Meters can also be sent to external laboratories that can provide calibration services. The third-party calibration facility will normally provide detail of the offset from the reference standard for the meter over the calibrated flow range. This known offset can then be applied as a correction within the flow computer.

Third-party calibration of a gas volume meter is a costly operation, but it is necessary to ensure the high performance required of the meter and to ensure that the system agreed uncertainty can be achieved. One method of reducing such costs is to use a meter that has an advanced diagnostics capability.

Troubleshooting

Flow meters with advanced diagnostics help the operator to be aware of potential problems in the meter and in the sensors (equipment wear, damage). They also help with a number of other events that can occur during operations, in both fluid conditions or in the pipeline itself. As an example, such a meter can help the operator detect problems such as entrained liquids, liquid accumulations, blockage (eg, in the flow conditioner) and pipe coating.

Advanced diagnostics, together with the possibility to set actionable alerts once a specific problem has been identified, will help tremendously by offering an operational insight into pipeline parameters and measurement system health between two consecutive calibrations.

Flow computers

For custody transfer applications, flow computers (FC) are usually mandatory; they measure, monitor and may provide control of gas flow for all types of meters. In volumetric flow measurement, different types of meters will read different gas characteristics — in which case the FC will receive a signal from the meter plus gas temperature and pressure. In many cases, an algorithm is required to convert the reading into a flow rate. Since gas is compressible and affected by temperature, the gas temperature and pressure must also be monitored and compared to a specified standard temperature and pressure within the algorithm.

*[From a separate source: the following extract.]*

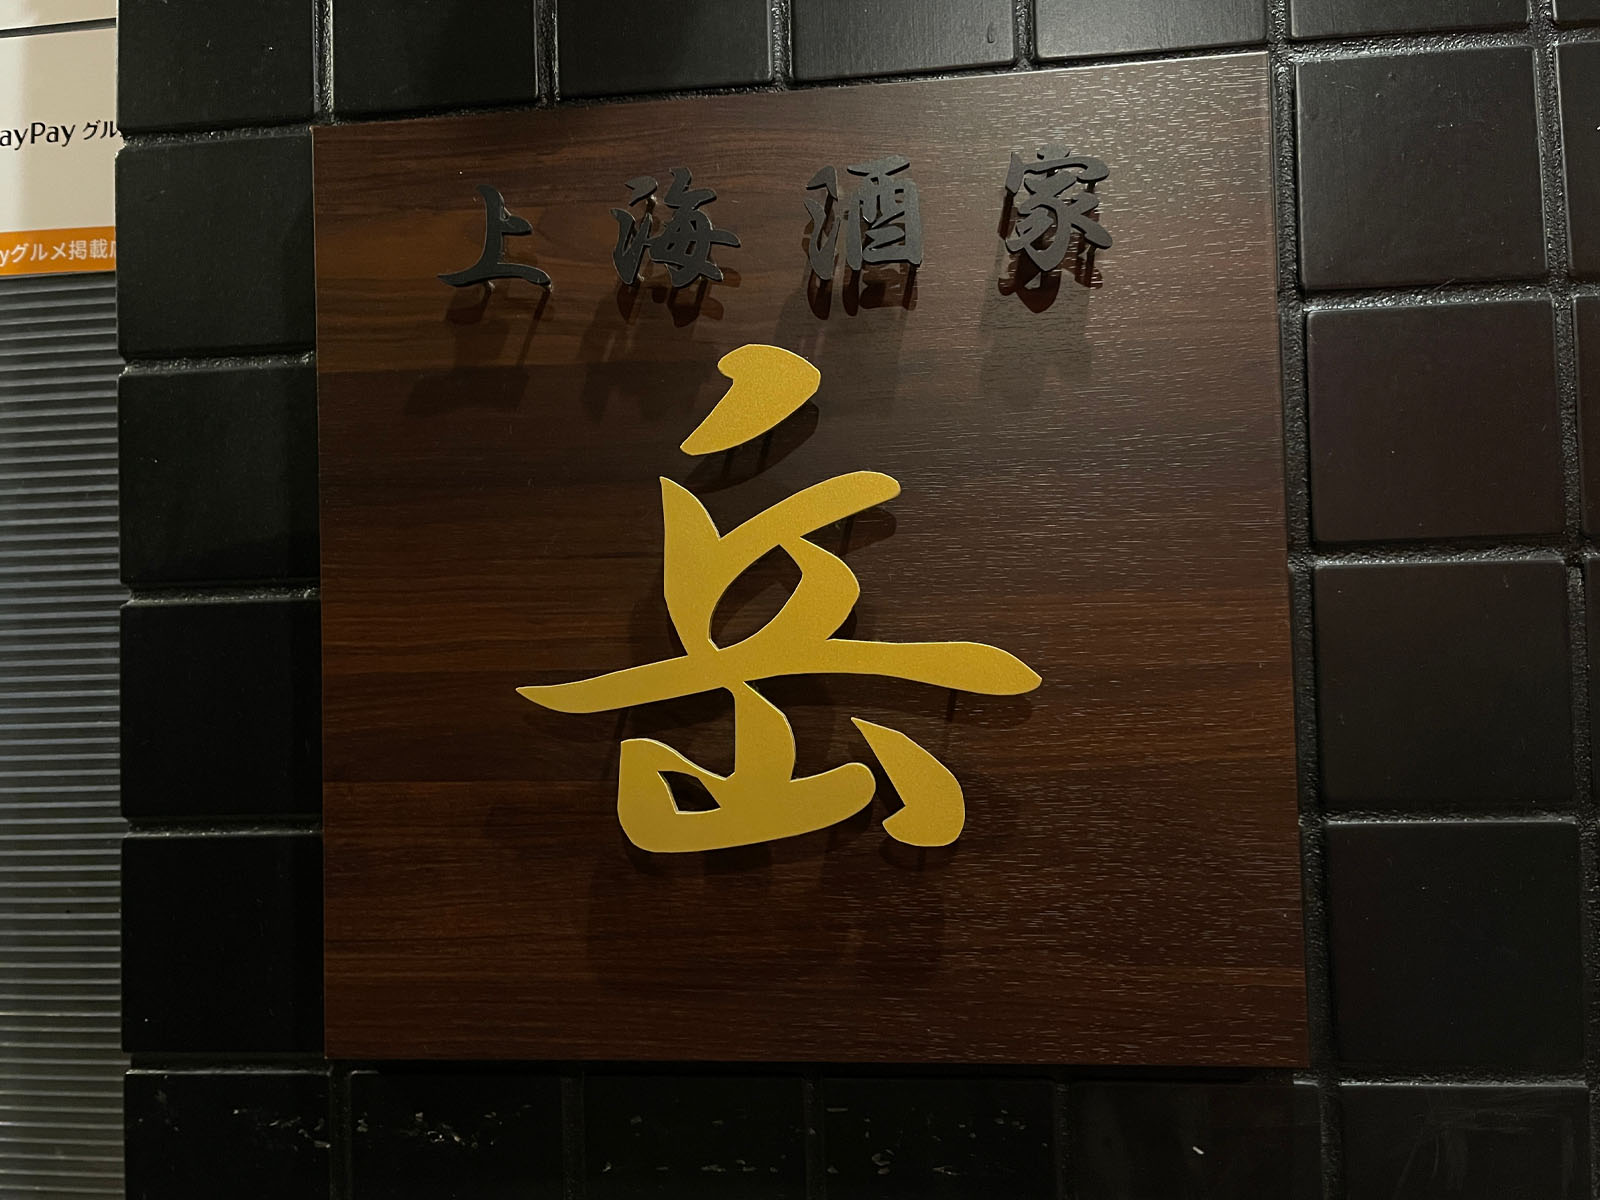 上海酒家 岳(ガク)のランチメニュー、黒酢酢豚と鶏のなす炒めを食べたよ／横浜・馬車道

Mass flow needs to be calculated based on the density of the gas. Since a natural gas stream contains a mix of various hydrocarbon gases of different densities and also some inert gases like nitrogen and carbon dioxide, the gas flow computer will require the entry of mole percentages for each gas component. Mole percentages must be determined via gas sample analysis.

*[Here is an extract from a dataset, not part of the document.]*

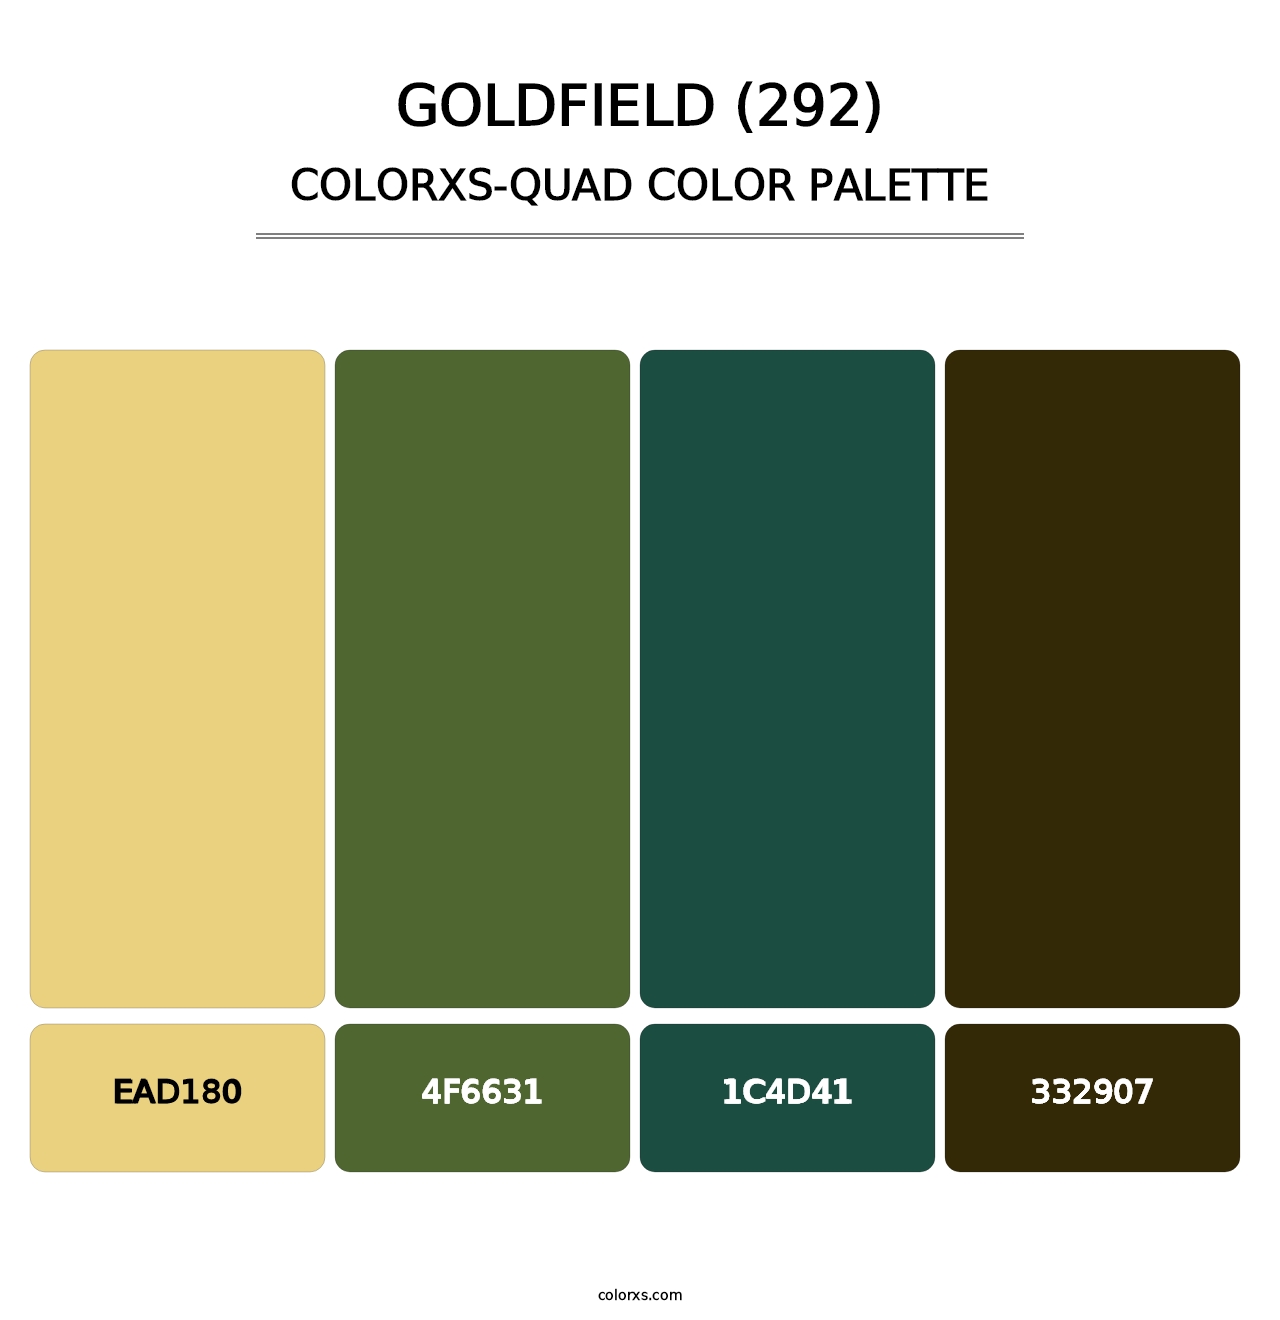 Goldfield (292) - Colorxs Quad Palette

Based on accurate mass flow calculations it becomes possible, based on the energy content of each gas component, to calculate energy flow, since each gas component contains different energy content. Energy flow metering is the ultimate goal, since this is where the true value is for the customer.

In addition to providing volumetric, mass and energy flow data, the gas flow computer also provides date and time as well as instantaneous, hourly and daily data. The gas flow computer typically stores timestamped volume records for up to 35 days in order to provide sufficient time for a host system to retrieve the records as well as to allow time for human intervention if this retrieval fails to occur.